2018-04-03msgmap: replace id_batch with ids_after
id_batch had a an overly complicated interface, replace it with id_batch which is simpler and takes advantage of selectcol_arrayref in DBI. This allows simplification of callers and the diffstat agrees with me.
2018-04-03mbox: remove remaining OFFSET usage in SQLite
We can use id_batch in the common case to speed up full mbox retrievals. Gigantic msets are still a problem, but will be fixed in future commits.
2018-04-03nntp: make XOVER, XHDR, OVER, HDR and NEWNEWS faster
While SQLite is faster than Xapian for some queries we use, it sucks at handling OFFSET. Fortunately, we do not need offsets when retrieving sorted results and can bake it into the query. For inbox.comp.version-control.git (v1 Xapian), XOVER and XHDR are over 20x faster.
2018-04-03rename+rewrite test using Benchmark module
There'll be more performance-related tests in the future.
2018-04-03t/thread-all.t: modernize test to support modern inboxes
We'll be adding more tests in the same vein as this to improve NNTP performance.
2018-04-03mbox: do not barf on queries which return no results
Having zero search results means we never get a chance to populate the Content-Disposition header for mbox downloads.
2018-04-03nntp: fix NEWNEWS command
I guess nobody uses this command (slrnpull does not), and the breakage was not noticed until I started writing new tests for multi-MID handling.
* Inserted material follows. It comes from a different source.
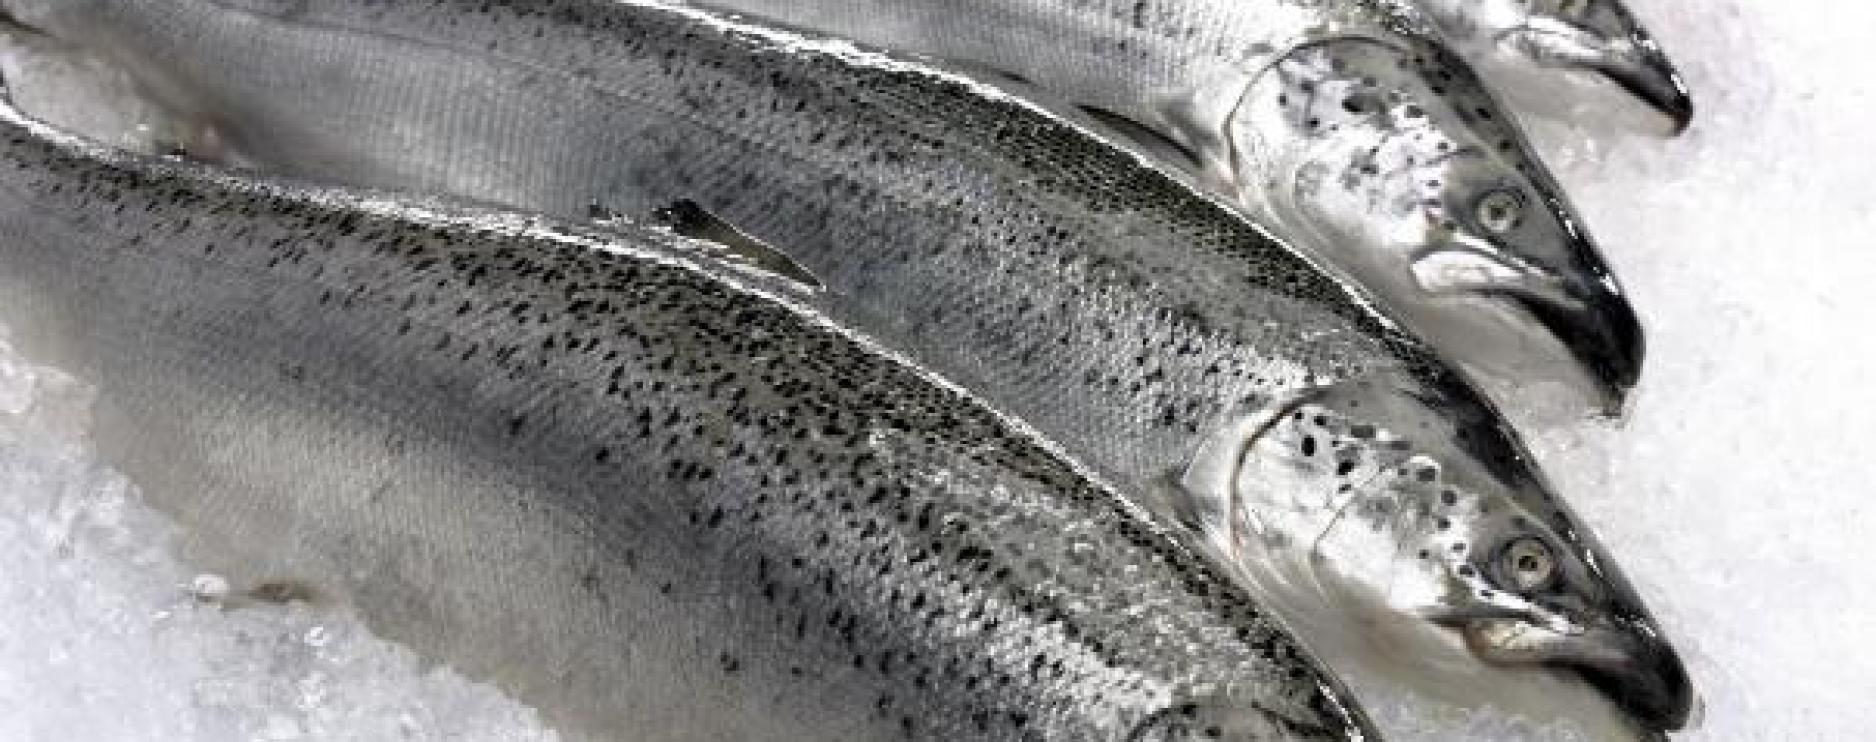 Swapping red meat for forage fish could save 750,000 lives

Fixes: 3fc411c772a21d8f ("search: drop pointless range processors for Unix timestamp")
2018-04-02www: rework query responses to avoid COUNT in SQLite
In many cases, we do not care about the total number of messages. It's a rather expensive operation in SQLite (Xapian only provides an estimate). For LKML, this brings top-level /$INBOX/ loading time from ~375ms to around 60ms on my system. Days ago, this operation was taking 800-900ms(!) for me before introducing the SQLite overview DB.
2018-04-02t/over: test empty Subject: line matching
We need to ensure we don't match NULL 'sid' columns in the `over' table.
2018-04-02replace Xapian skeleton with SQLite overview DB
This ought to provide better performance and scalability which is less dependent on inbox size. Xapian does not seem optimized for some queries used by the WWW homepage, Atom feeds, XOVER and NEWNEWS NNTP commands. This can actually make Xapian optional for NNTP usage, and allow more functionality to work without Xapian installed. Indexing performance was extremely bad at first, but DBI::Profile helped me optimize away problematic queries.